Docker & kubernetes (k8s) to deploy a python

Posted by William(王明高) Blog on March 9, 2025
Here's an integration guide for Python, Docker, and Kubernetes (k8s) to deploy a Python application:

1. Python Application

Start with a simple Flask application (app.py):

from flask import Flask
app = Flask(__name__)

@app.route('/')
def hello():
    return "Hello from Python in Kubernetes!"

if __name__ == "__main__":
    app.run(host='0.0.0.0', port=5000)

Requirements: Create a requirements.txt file:

flask==3.0.0

2. Docker Containerization

Create a Dockerfile to package the app:

# Use a lightweight Python base image
FROM python:3.11-alpine

# Set working directory
WORKDIR /app

# Copy requirements and install dependencies
COPY requirements.txt .
RUN pip install --no-cache-dir -r requirements.txt

# Copy application code
COPY . .

# Expose port 5000 (Flask default)
EXPOSE 5000

# Run the application
CMD ["python", "app.py"]

Build the Docker Image:

docker build -t python-app:1.0 .

Run Locally:

docker run -p 5000:5000 python-app:1.0

3. Kubernetes Deployment

Create Kubernetes manifests:

Deployment (deployment.yaml)

Manages the app’s pods and scaling.

apiVersion: apps/v1
kind: Deployment
metadata:
  name: python-app
spec:
  replicas: 3  # Number of pods
  selector:
    matchLabels:
      app: python-app
  template:
    metadata:
      labels:
        app: python-app
    spec:
      containers:
      - name: python-app
        image: python-app:1.0  # Use your Docker image
        ports:
        - containerPort: 5000
        resources:
          requests:
            memory: "128Mi"
            cpu: "100m"
          limits:
            memory: "256Mi"
            cpu: "200m"

Service (service.yaml)

Exposes the app to external traffic.

apiVersion: v1
kind: Service
metadata:
  name: python-app-service
spec:
  type: LoadBalancer  # Use NodePort for local clusters
  selector:
    app: python-app
  ports:
  - protocol: TCP
    port: 80
    targetPort: 5000

Deploy to Kubernetes:

kubectl apply -f deployment.yaml
kubectl apply -f service.yaml

Check Deployment:

kubectl get pods
kubectl get services

Key Concepts

  • Docker: Containerizes the app for consistency across environments.
  • Kubernetes: Orchestrates containers, handles scaling, self-healing, and load balancing.
  • Pod: Smallest deployable unit in Kubernetes (1+ containers).
  • Deployment: Manages pod replicas and updates.
  • Service: Provides network access to pods.

Best Practices

  1. Image Optimization Use small base images (e.g., python:alpine).
  2. Health Checks Add liveness/readiness probes to your Kubernetes deployment:

    livenessProbe:
      httpGet:
        path: /
        port: 5000
      initialDelaySeconds: 5
      periodSeconds: 10
    
  3. Environment Variables Use ConfigMap or Secrets for configuration:

    env:
    - name: FLASK_ENV
      value: "production"
    
  4. CI/CD Pipeline Automate building and deploying with tools like GitHub Actions, Jenkins, or ArgoCD.

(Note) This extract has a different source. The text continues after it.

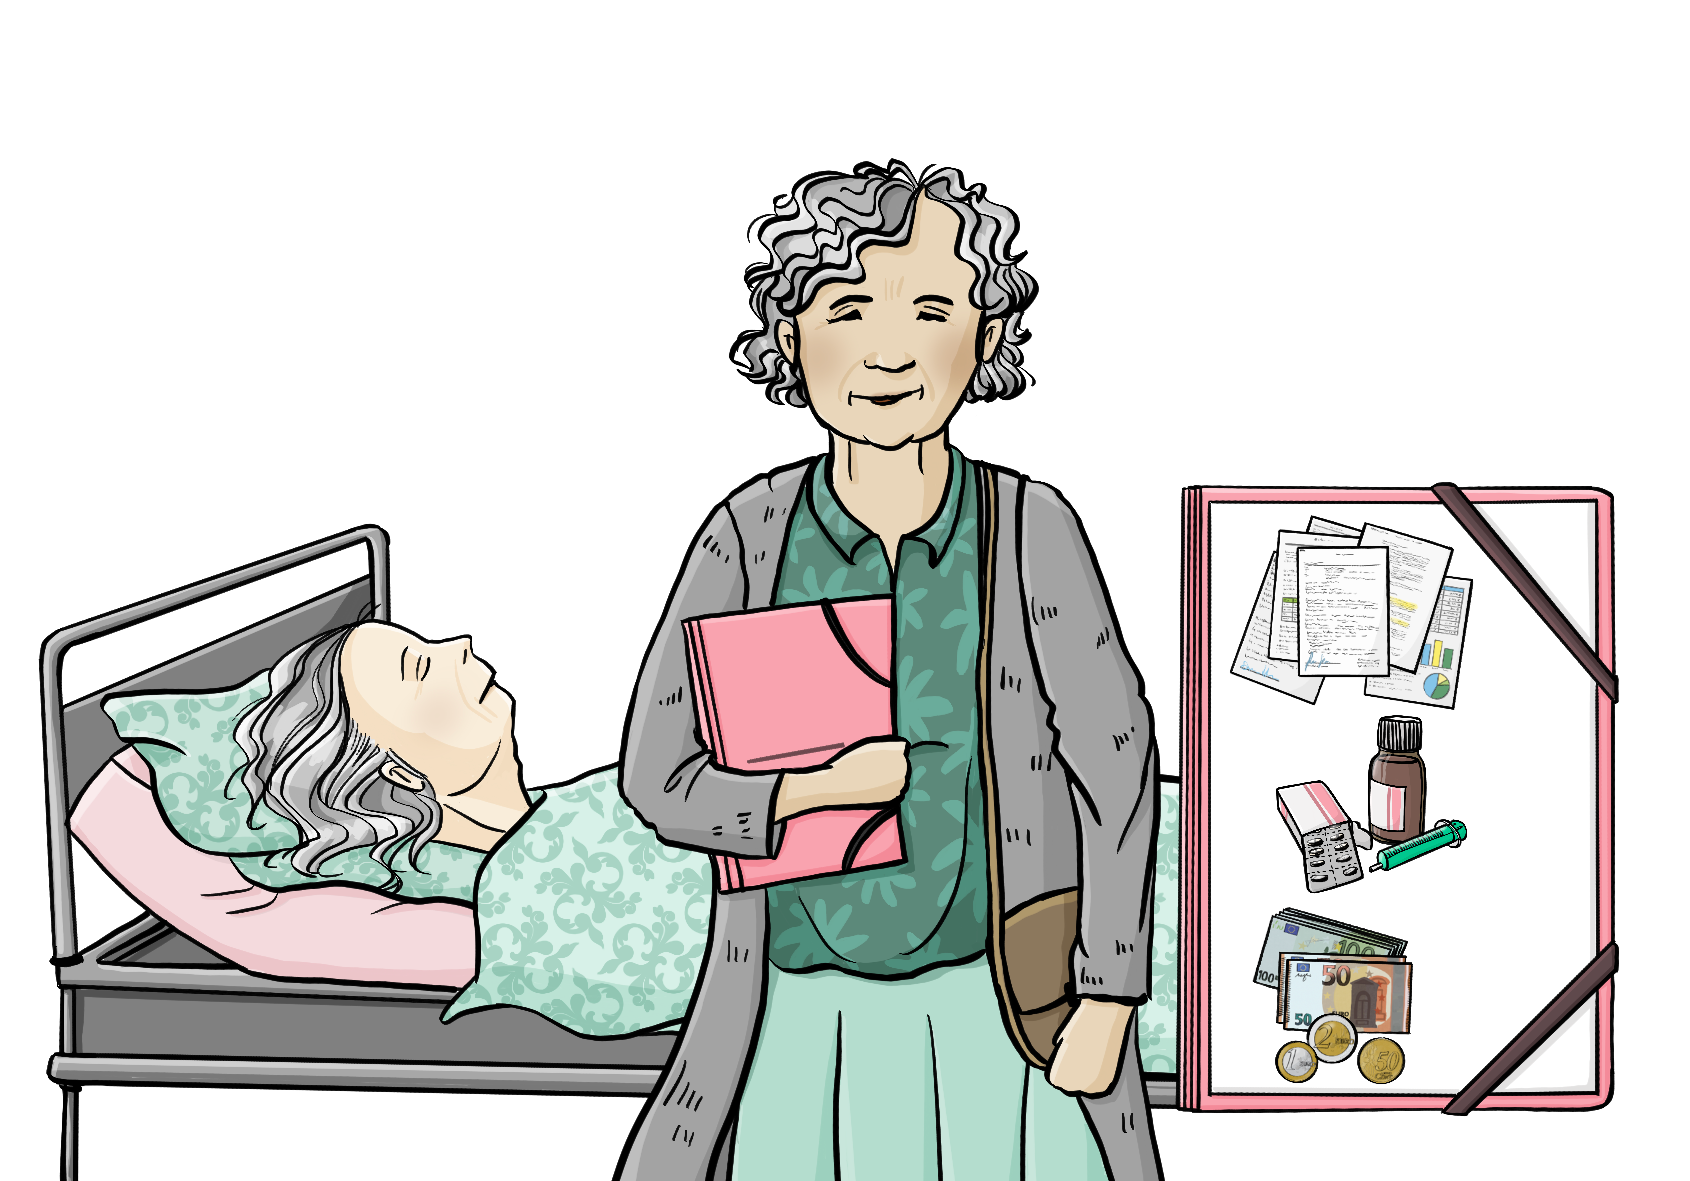 Eine ältere Frau mit einer Mappe unter dem Arm steht in einem Krankenhaus-Zimmer.  Hinter ihr liegt eine andere ältere Frau in einem Krankenhaus-Bett. Neben dem Bild ist eine größere Mappe. Auf der Mappe ist ein Bild von Medikamenten, Geld und Papieren.

Local Testing with Minikube

  1. Start Minikube:

    minikube start
    
  2. Load Docker image into Minikube:

    minikube image load python-app:1.0
    
  3. Access the app:

    minikube service python-app-service
    

This workflow allows you to develop a Python app locally, package it with Docker, and deploy it at scale using Kubernetes.